No.010 シュガーキャスター&コンディメントセット

1700年代の香辛料入れとは〜どんな種類があったのでしょう。この疑問は当時のWarwick Cruetと呼ばれる器から始まります。その器に容れられる香辛料はどんなもの?かをあげてみますと、塩、胡椒、マスタードの3種類くらいはすぐに思い出されますが、まだまだ〜その他にガラスのボトルのような器が付いています。それはどんなものを容れるの?かを調べますと、オイルとヴィネガーの2種類の液体をそれぞれのガラスの器に容れ、さらにシュガーキャスターを一緒にクリュエットという台座付きの持ち運び可能のバスケット?みたいなスタンドに納まっていました。

それは、その昔〜食卓用の香辛料入れという小ぶりな器が無かったことから、クィーンアン時代に食卓にも置く事が出来る香辛料入れが欲しい〜という要望により登場し始めましたが、持ち得る方がたと言えば・・・王族くらいの方がたであったでしょうし、その頃の一般庶民にとってはテーブルの上にお塩入れがあることすら〜別世界のことだったでしょう。

さらに時代とともに、香辛料の変革とも言えることが起こります。 それはマスタードです。
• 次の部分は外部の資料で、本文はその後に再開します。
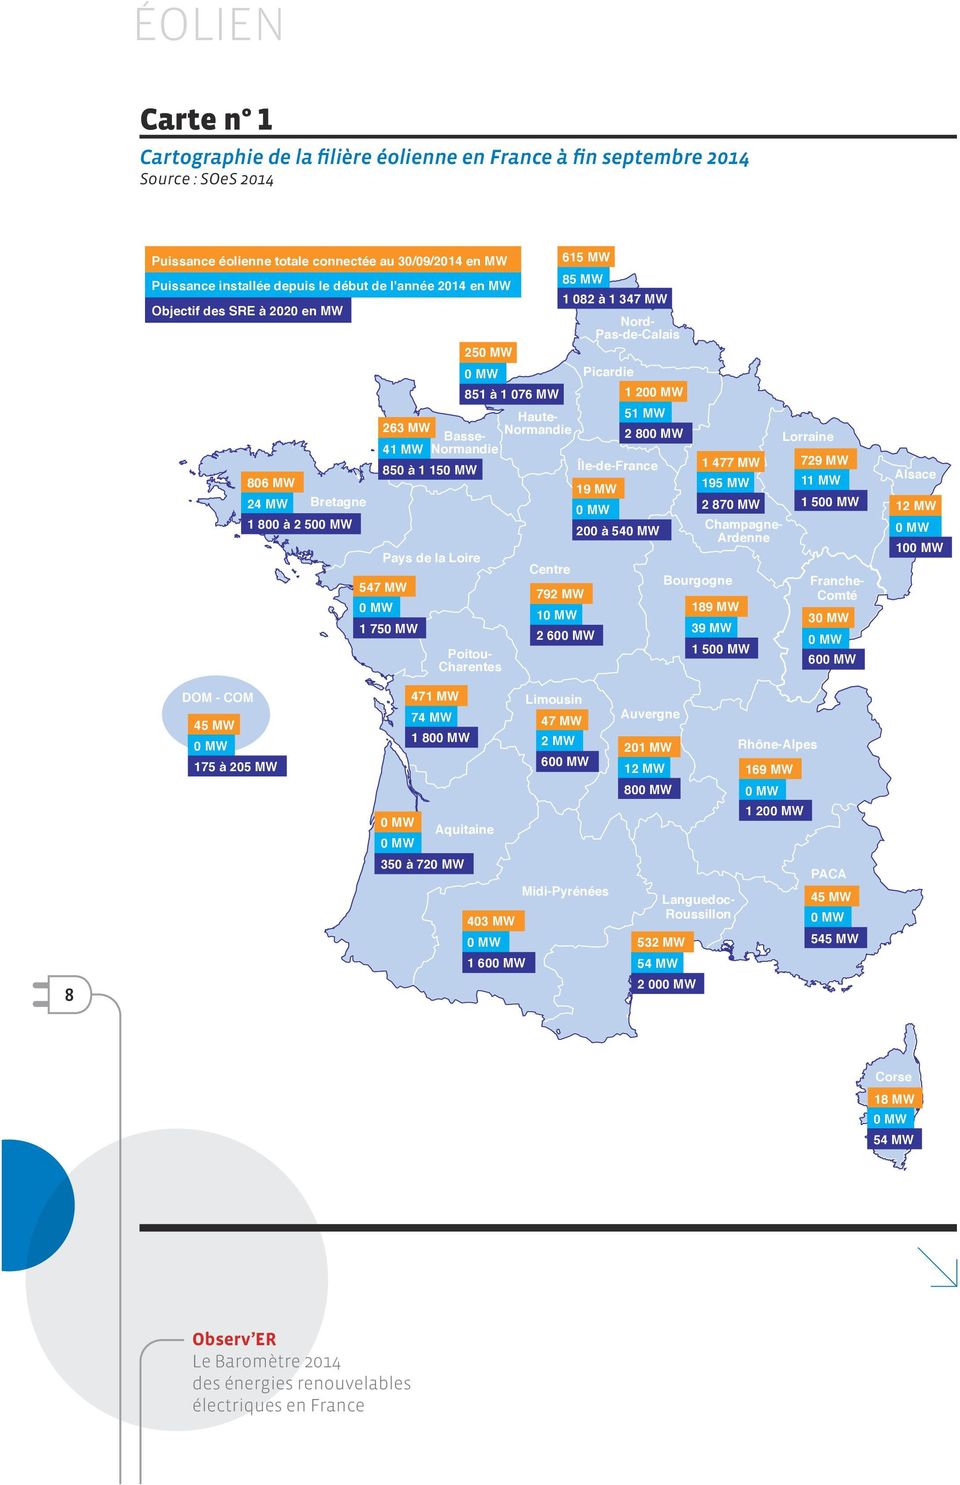 MW Île-de-France Pays de la Loire 547 MW 0 MW 1 750 MW 250 MW Poitou- Charentes Centre 792 MW 10 MW 615 MW 85 MW 1 082 à 1 347 MW Nord- Pas-de-Calais 19 MW 0 MW 2 600 MW 200 à 540 MW 1 477 MW 195 MW
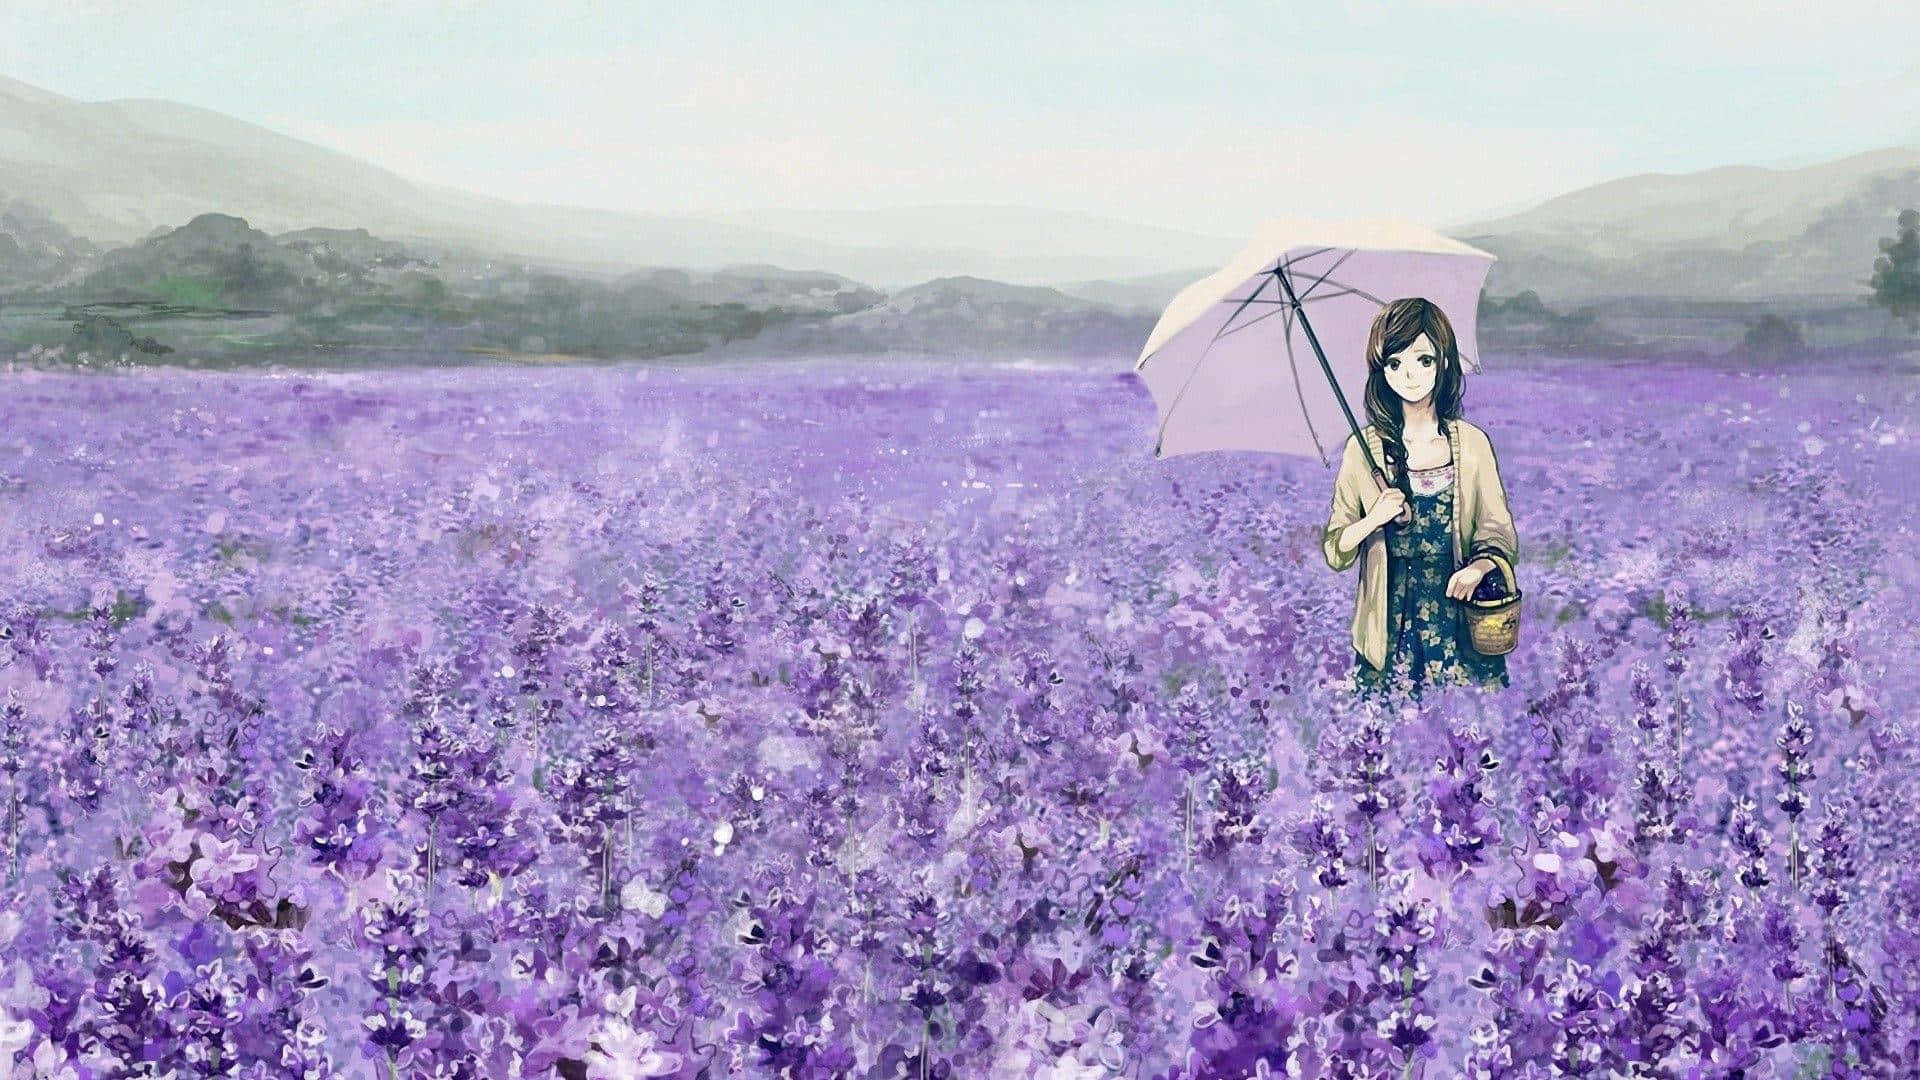 Pretty Purple Field Of Lavender Background

私達が普段何気なく使っている練り状のからし、当時はドライマスタードという乾燥したカラシを振り掛けるものでした。そのドライマスタードが1760年頃に、練り練りの状態になったものを使う習慣となり、そこで器もパラパラと胡椒のようにふり掛ける小さな穴の細工の器が不要となって参ります。さらに乾燥を防ぐ蓋付きの現在のようなマスタードポットという形に変化していきました。

このクリュエットと呼ばれた卓上用の香辛料フルセットも、香辛料の変化に応じながら一つ減り一つ減りながら、食卓用として用いられたクリュエットとしての香辛料の器全てをまとめて用いる必要性が無くなっていきます。さらに呼び名もコンディメントセットという塩入れ&胡椒入れのみを組み合わた必要最小限の香辛料セットが普及することになり、さらには蓋付きのマスタードポットを合わせたコンパクトなセットをペアにされて注文〜する方が多くなりました。

そこで困ったのがシュガーキャスターです。当時は塊となったお砂糖が流通するなか、細かく粉砕させたお砂糖をキャスターシュガーと呼び、その器もシュガーキャスターとしてクルエットの中に含まれておりましたが、ずっと一緒に食卓を飾る香辛料達の姿が変わることにより、シュガーキャスターのみぽつんと取り残されてしまいます。しかもシフタースプーンのデビューにより、ますます存在価値を揺るがす?時代となり、現在ではアンティークの銀器の中で出会うくらい・・・となりました。器は目的に応じて作られ、愛用された存在です。しかし、私達の日常には想像することも出来ない?目的に応じオーダーされたアンティークの銀器は、当時の持ち主にとっては無くてはならない必需品であった器もたくさ〜んあったことでしょう。